Sugar stocks gain after govt approves export subsidy

Sugar shares gained over 2 percent in early trade on Thursday after the Union government approved a subsidy of Rs 3,500 crore to sugar mills for the export of 60 lakh tonnes of the sweetener during the ongoing marketing year 2020-21.

The stocks of Dhampur Sugar Mills, Balrampur Chini Mills, Bajaj Hindusthan Sugar, Eid-Parry (India), Sakthi Sugars, Shree Renuka Sugars, among others traded over 2 percent higher on the BSE.

Union Minister Prakash Javadekar said during a media briefing on Wednesday, “Cabinet has taken the decision to help farmers directly by depositing money of subsidy into their accounts. The subsidy will be given on 60 lakh tonnes of sugar exports at the rate of Rs 6,000 per tonne.”

The minister said both “sugar industry as well as sugarcane farmers are in crisis” because of high domestic production at 310 lakh tonnes as against the annual demand of 260 lakh tonnes.

In the previous marketing year 2019-20 (October-September), the government provided an export subsidy of Rs 10,448 per tonne, costing the exchequer Rs 6,268 crore.
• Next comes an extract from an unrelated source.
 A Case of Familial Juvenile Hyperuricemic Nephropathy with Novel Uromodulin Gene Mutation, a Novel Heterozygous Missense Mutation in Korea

Sugar mills managed to export 5.7 million tonnes of sugar as against the mandatory quota of 6 million tonnes set for the 2019-20 season (October-September), according to official data.
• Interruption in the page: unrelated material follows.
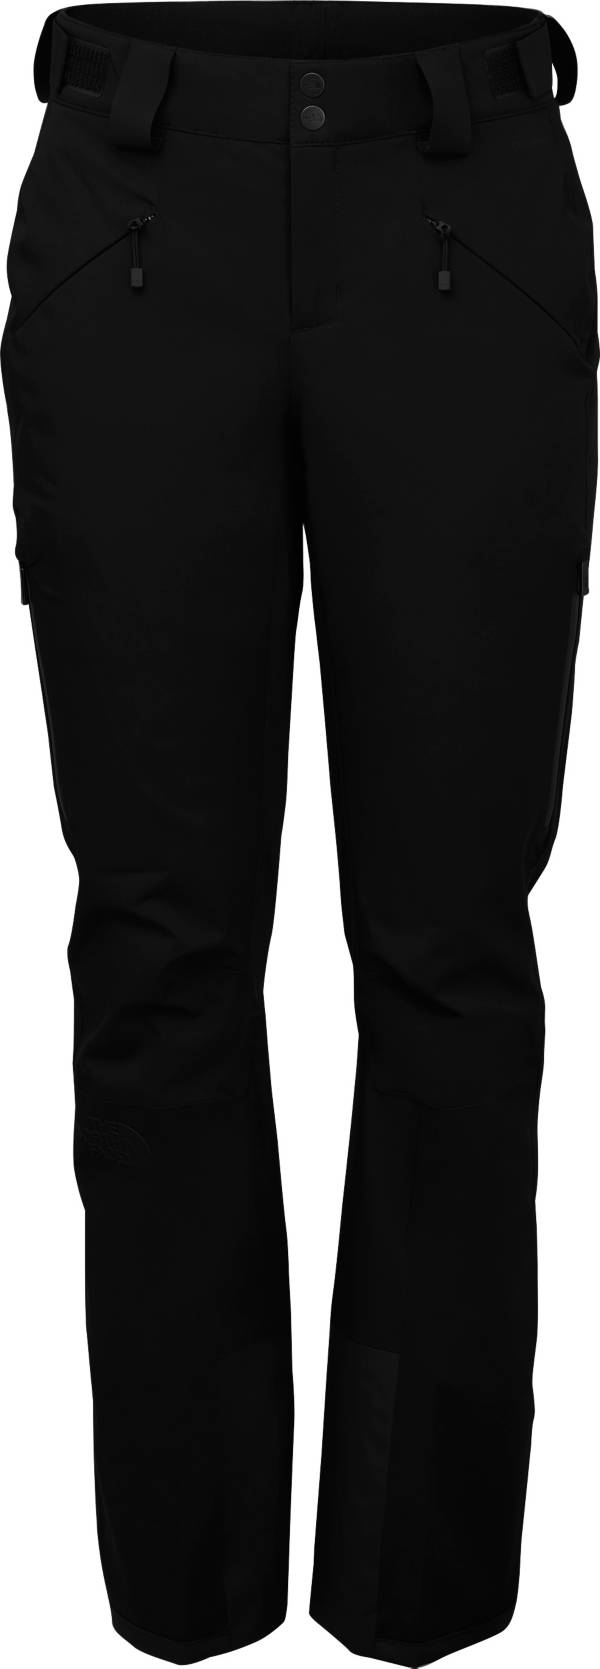 The North Face Women's Lenado Pants product image

Speaking to CNBC-TV18, Vivek Saraogi, MD, Balrampur Chini Mills said that he hopes the exports of sugar from India to rise going ahead. It would be easy to sell the sugar in global markets as the world needs Indian sugar due to shortages.

JM Financial, in a note, says that the subsidy announcement removes the uncertainty, while the quantum is modest and is delicately balanced.
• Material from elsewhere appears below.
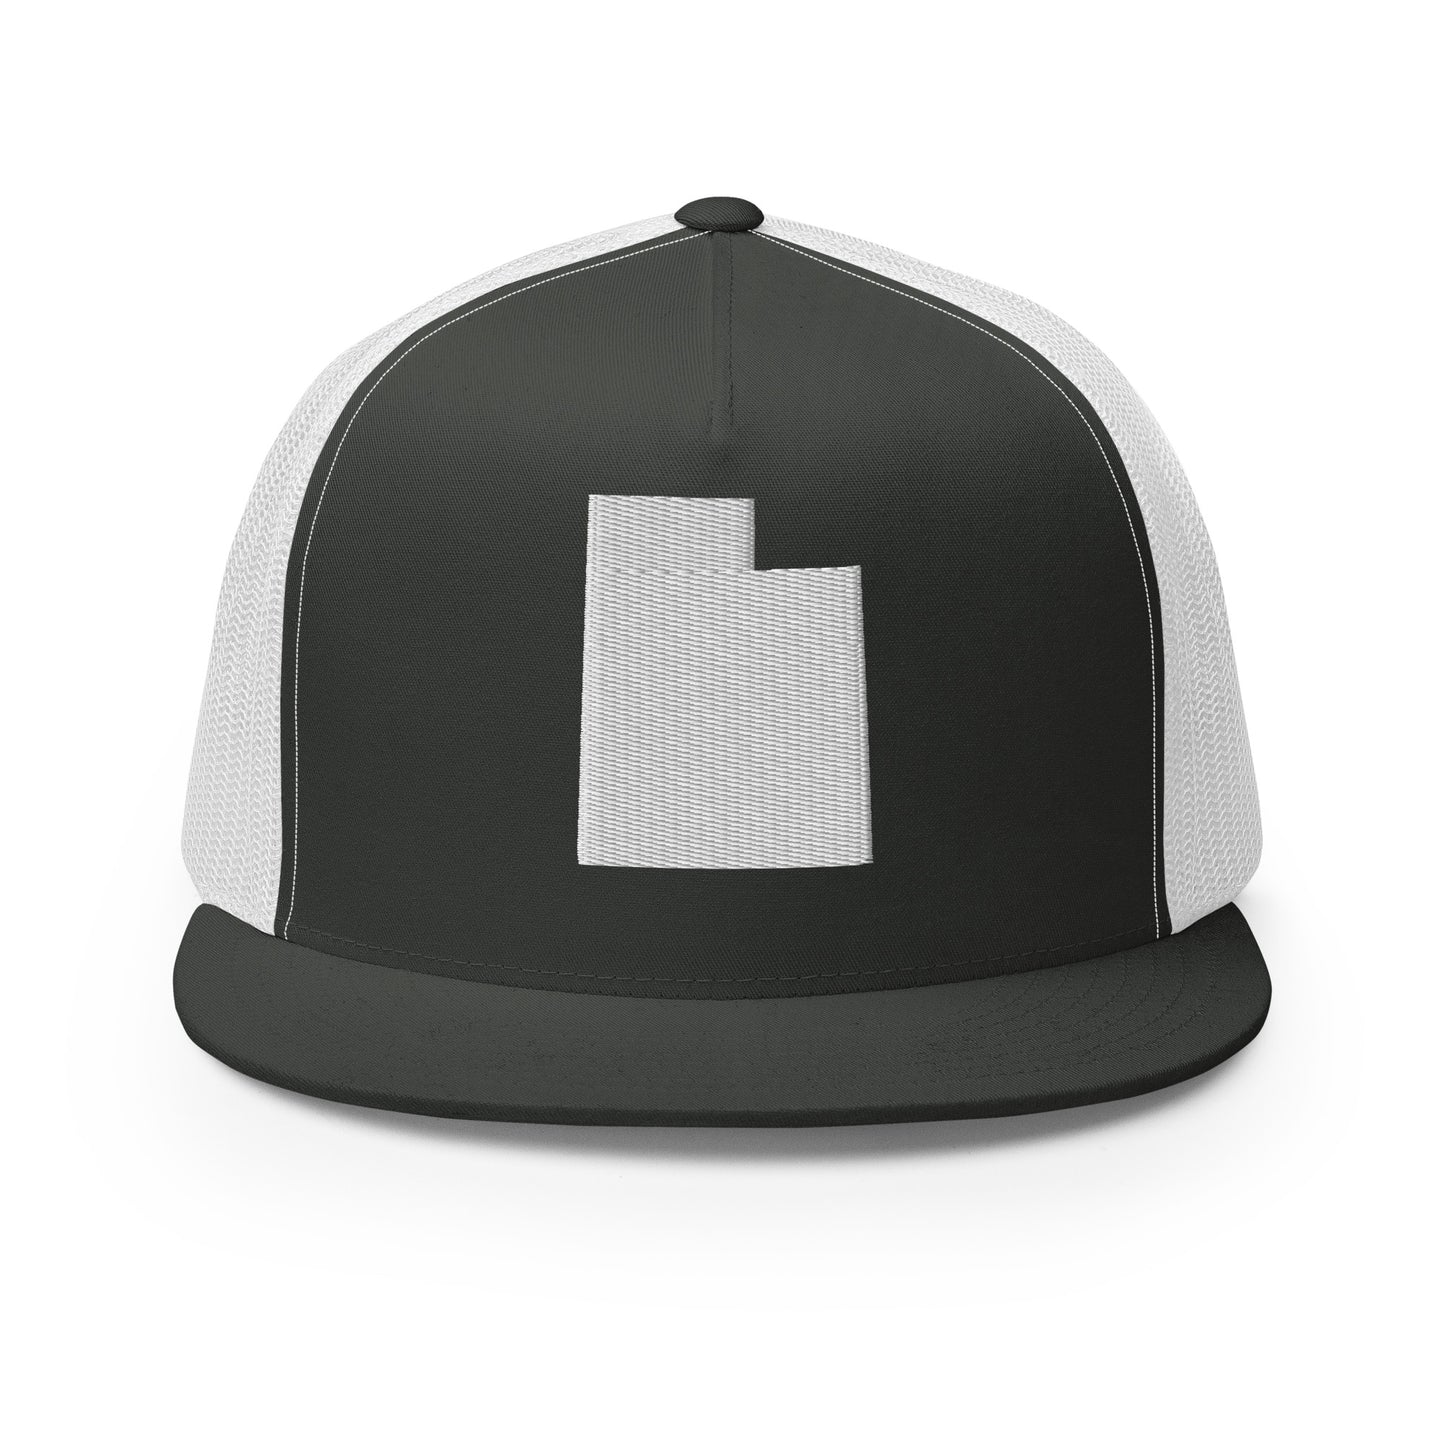 Utah State Silhouette High 5 Panel A-Frame Snapback Trucker Hat

The announcement validates the risk of government policies that can impact sector sentiment. The government has not yet approved the much-awaited increase in MSP of sugar and even the UP government is yet to announce the state advised price of sugarcane for the current season.

“There is a possibility of a correction in global sugar prices as India exports hit the world market, however, maintain our cautious view on the industry due to structural oversupply scenario,” JM Financial said.

The brokerage house maintains a hold on Balrampur Chini with a target at Rs 180 per share and a buy rating on EID Parry with a target at Rs 370 per share.

Meanwhile, Keshav Lahoti, Associate Equity Analyst, Angel Broking is of the view that the export of sugar by India can lead to a correction in the international sugar prices.